Cuckoo Song by Frances Hardinge
One of the best middle grade novels I’ve ever read. Complex, gripping, haunting, and gratifying. It’s a horror story, but it’s not. It’s a fairy tale, but it’s not. It’s a gothic, feminist, psychological thriller with one very beautiful tale of sisterhood. It’s the story of a family dealing with the ramifications of loss in post-WWI Britain. It’s a gem.
Doomsday Book by Connie Willis
This book takes place both in both future-Oxford and past-Oxford. Kivrin is a mid-21st century historian on a research mission to 14th century Oxford. Unfortunately, things go awry and Kivrin lands in Oxford the very year the Black Death arrives in England. At the same time, plague seems to have broken out in “present day” Oxford as well. How? It’s simultaneously historical fiction and science fiction with a good dose of medical thriller thrown in. The details of 14th century Oxford are so lovingly rendered and the characters are unforgettable.
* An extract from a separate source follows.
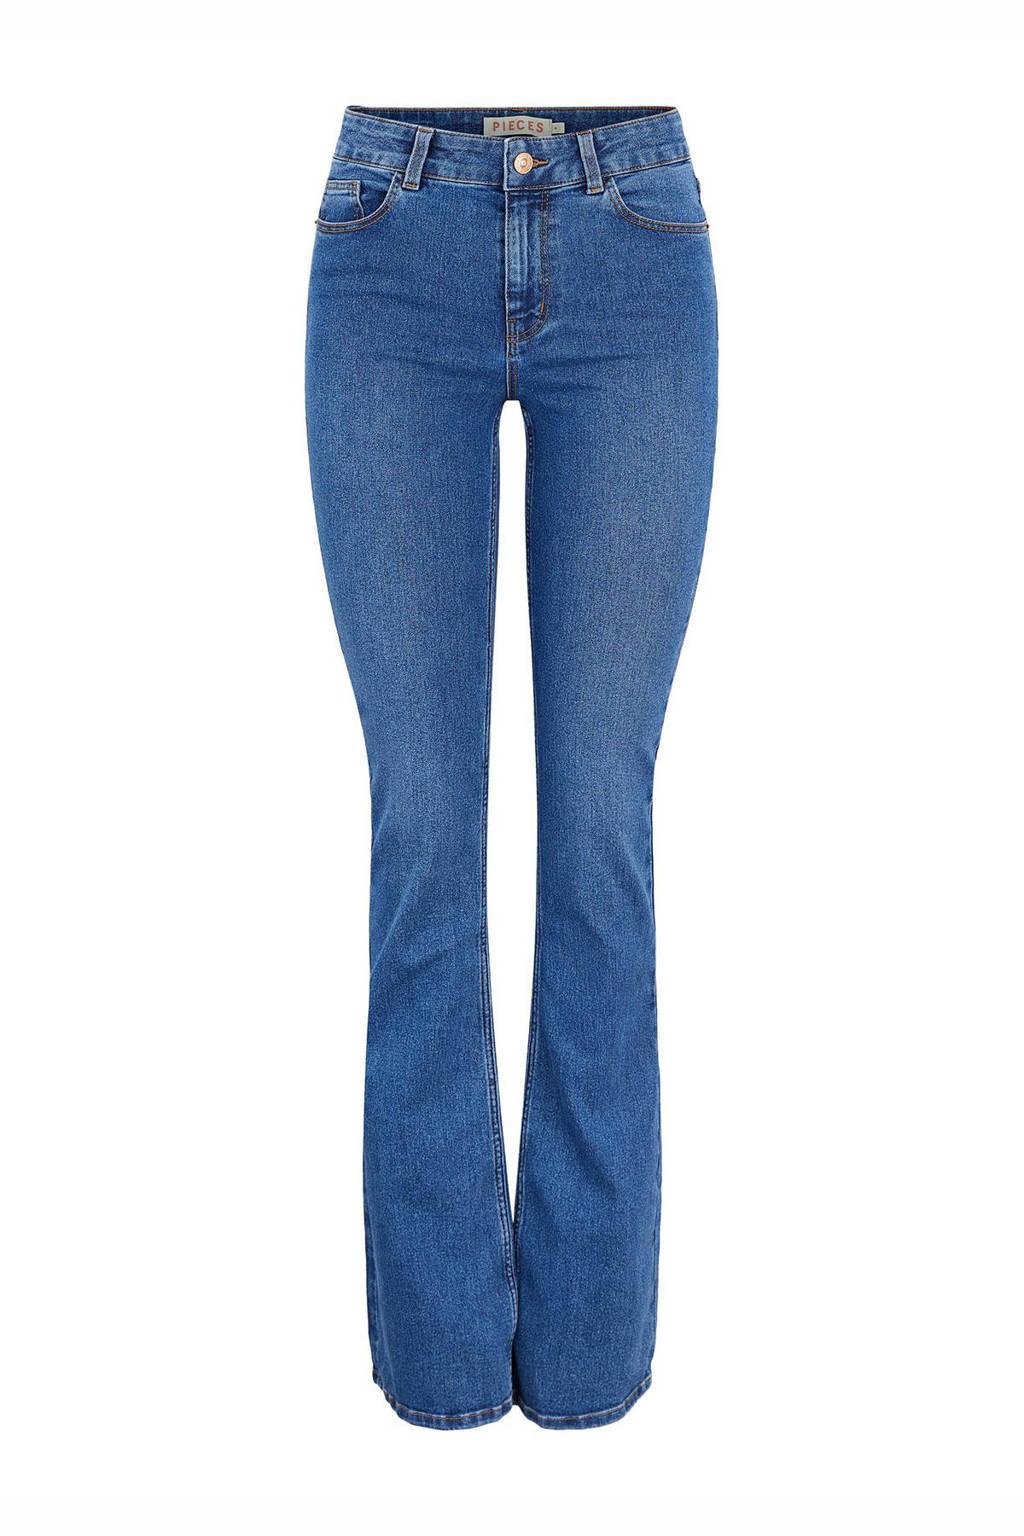 PIECES flared jeans PCPEGGY medium blue denim, Blauw

Angus, Thongs, and Full Frontal Snogging by Louise Rennison
One of the few YA books I read when I was an actual YA. I remember my friends passing this one around in our group like, “Now it’s your turn to laugh out loud and be endlessly entertained.” This is a British contemporary that is often likened to a YA Bridget Jones, but Georgia Nicolson is funnier. It’s just light-hearted, silly fun, and an absolutely perfect sunshine read.
Shadow of the Moon by M. M. Kaye
All right, so this is an historical fiction epic from the 1970s about 19th century India (specifically the Sepoy Rebellion). It takes its time setting up the scene, the characters, and the plot, going back to the main character’s grandparents to flesh out all of the incredible detail needed in telling a story so grand. The novel avoids the trappings of glorifying British imperialism and treats the rebellion, India, and its people with respect and without condescension. If sweeping generational sagas are your thing you cannot pass this one by.
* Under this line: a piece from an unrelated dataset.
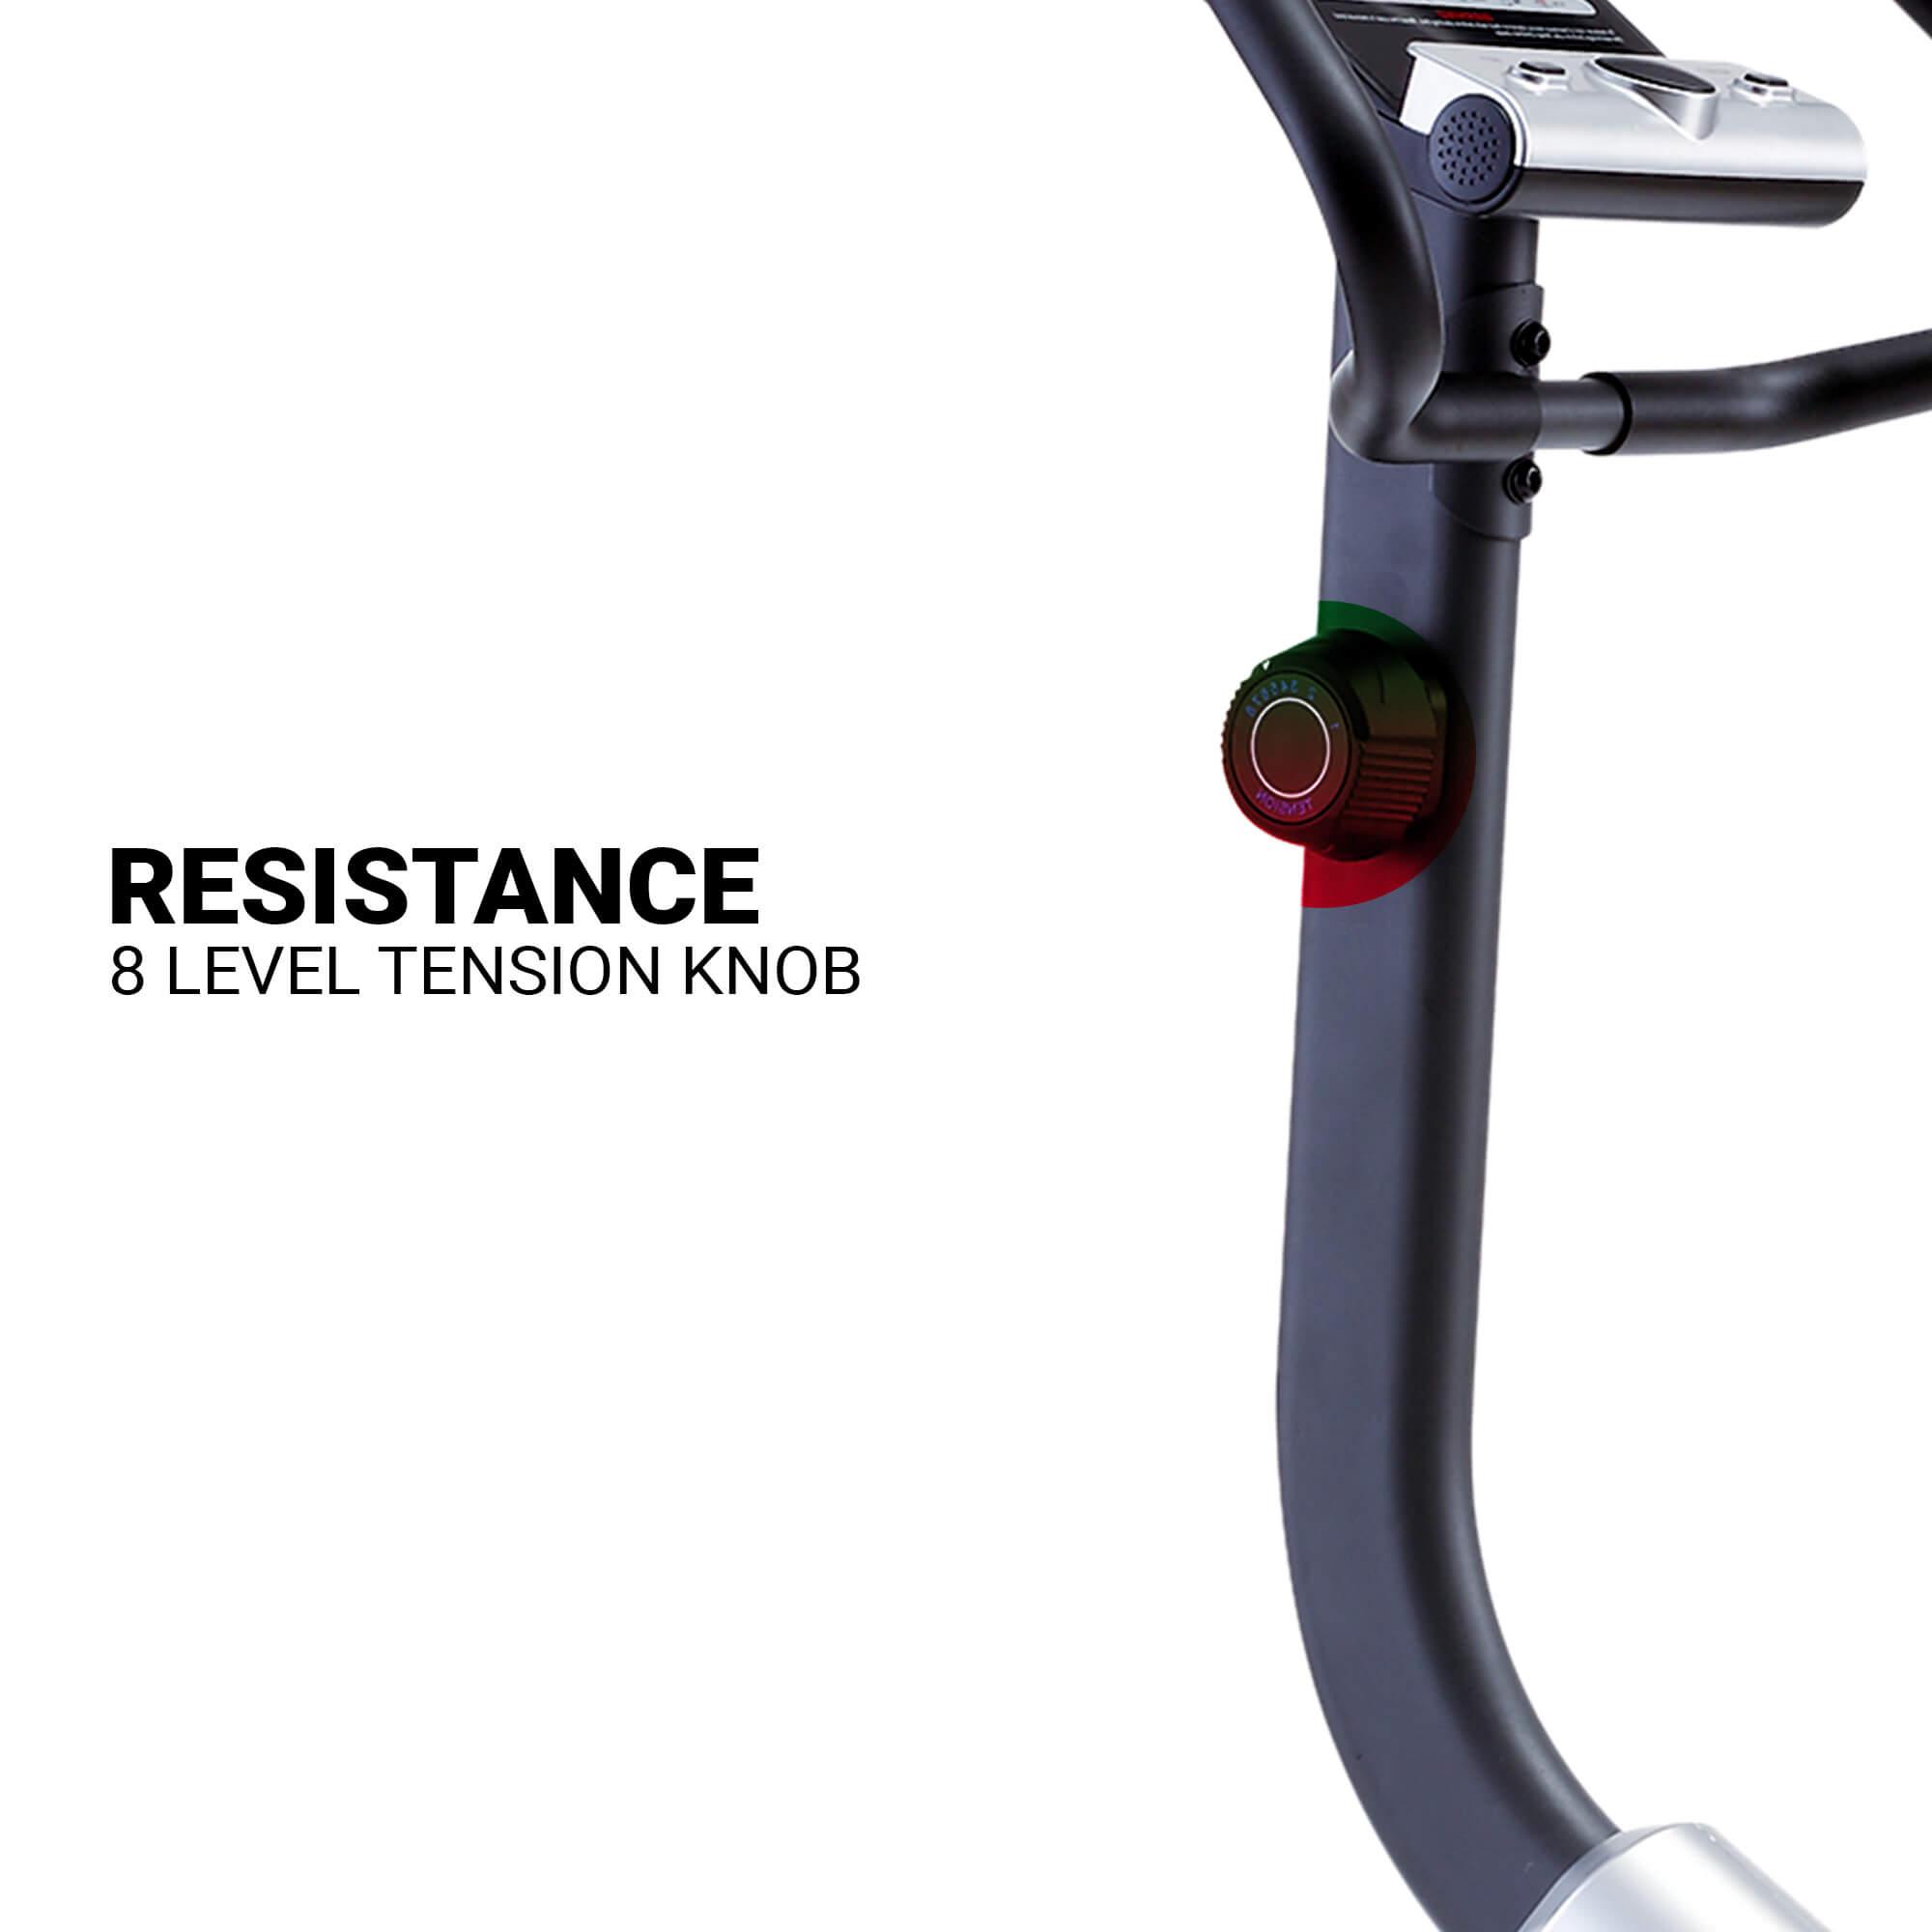 BU-700 Magnetic Upright Bike

The Blind Assassin by Margaret Atwood
Narrator Iris, at the end of her life, guides readers through her family’s history as the barons of a small Canadian town. Living in the shadow of her Sylvia Plath-like sister’s literary legacy and tragic death has cast a long shadow. This is the story within a story within a story. Part literary fiction, part generational saga, part pulp sci-fi comic, and part romantic tragedy. This one left my heart aching for days.
And All the Stars by Andrea K. Host.
This one is an indie, Aussie survival-against-aliens gem. Madeleine has to navigate a newly apocalyptic Sydney with the help of a fellow band of teen survivors. I love survival stories. I love alien stories. And this one is truly done better than most. There isn’t just the adrenaline associated with this sort of read, but an awesome examination of what it means to be human. There’s also, yes, a tremendously touching and well executed romance that is just the right amount of bittersweet. This is a thrilling and deep alien apocalypse story. A standout in the genre.
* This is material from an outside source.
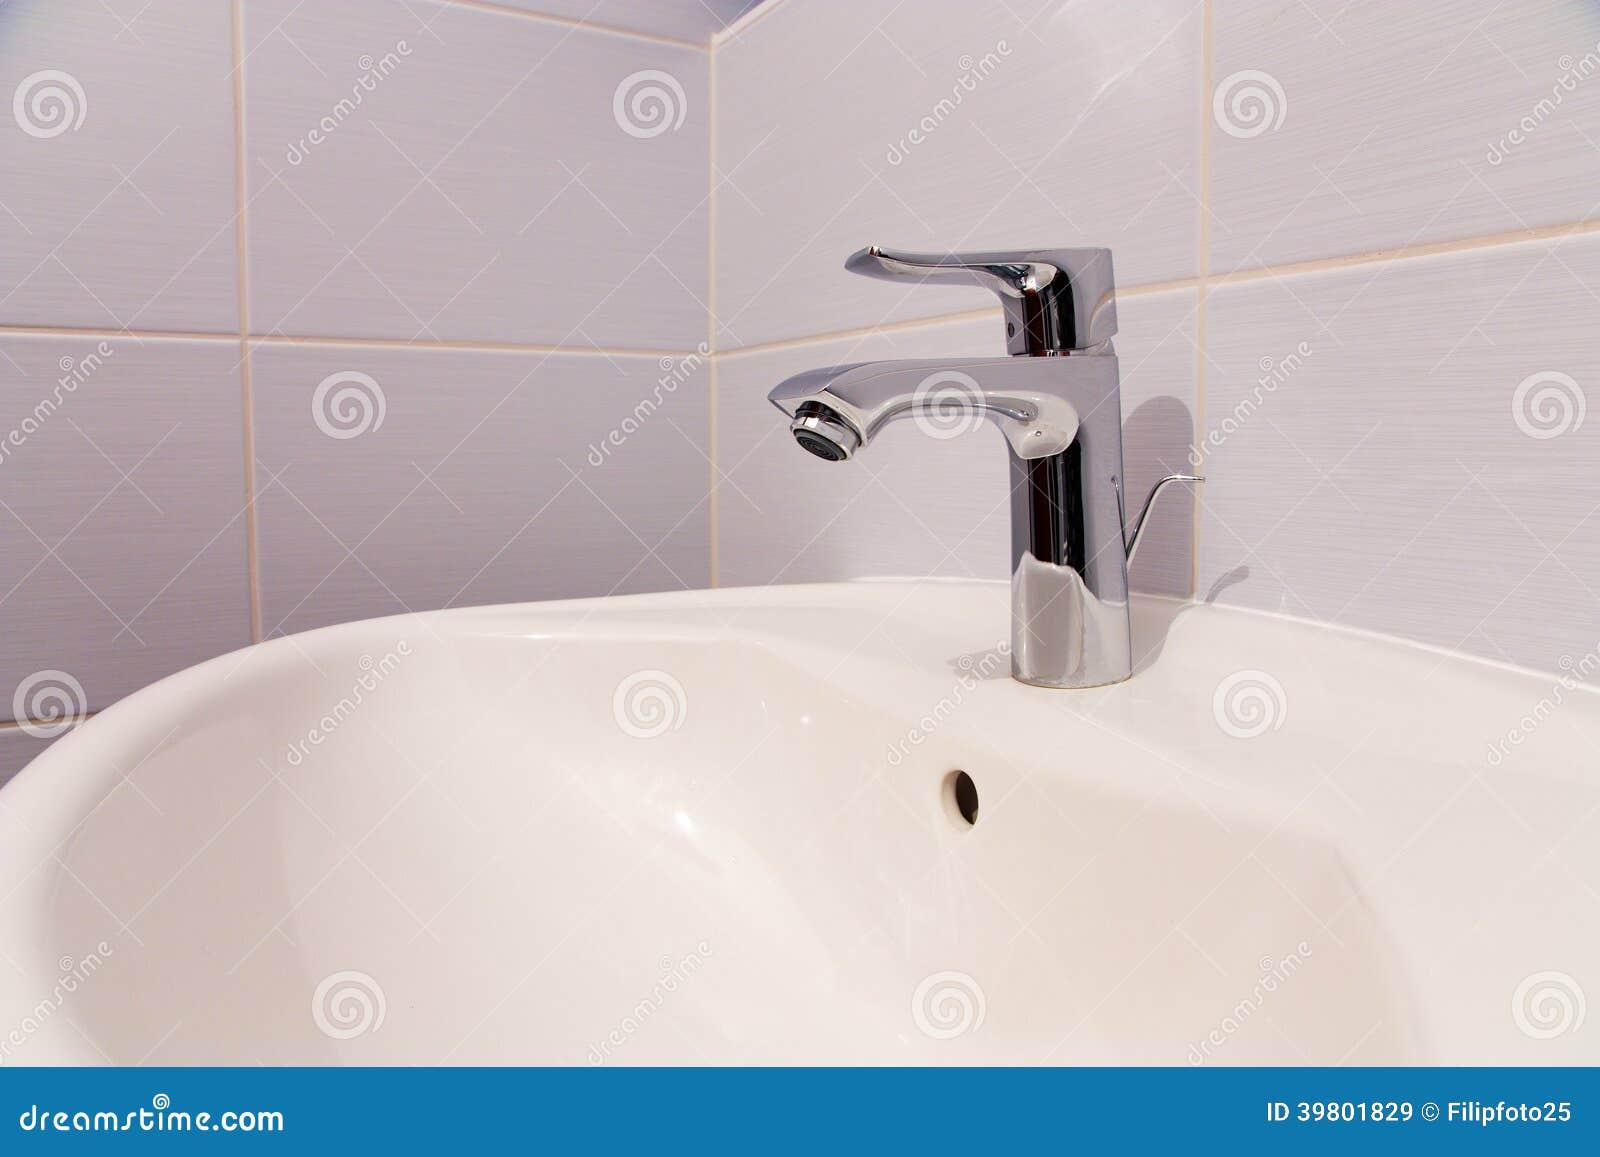 Bathroom tab stock image. Image of mixer, chrome, polished - 39801829

The Graveyard Book by Neil Gaiman
Gaiman’s paranormal take on The Jungle Book is stunning. A baby’s family is brutally murdered and he finds himself in the care of a pair of ghosts and raised with the help of other denizens (vampires and werewolves among them) of the local cemetery. It’s actually a classic coming of age tale, and many adventures and heartbreaks are to be had along the way. The bittersweet ending had me teary. This is probably my favorite of the books I had to read for my Children’s Resources class last fall. Actually, I had to listen to the audiobook and I am so grateful for that. Narrated by Gaiman himself, it’s simply outstanding.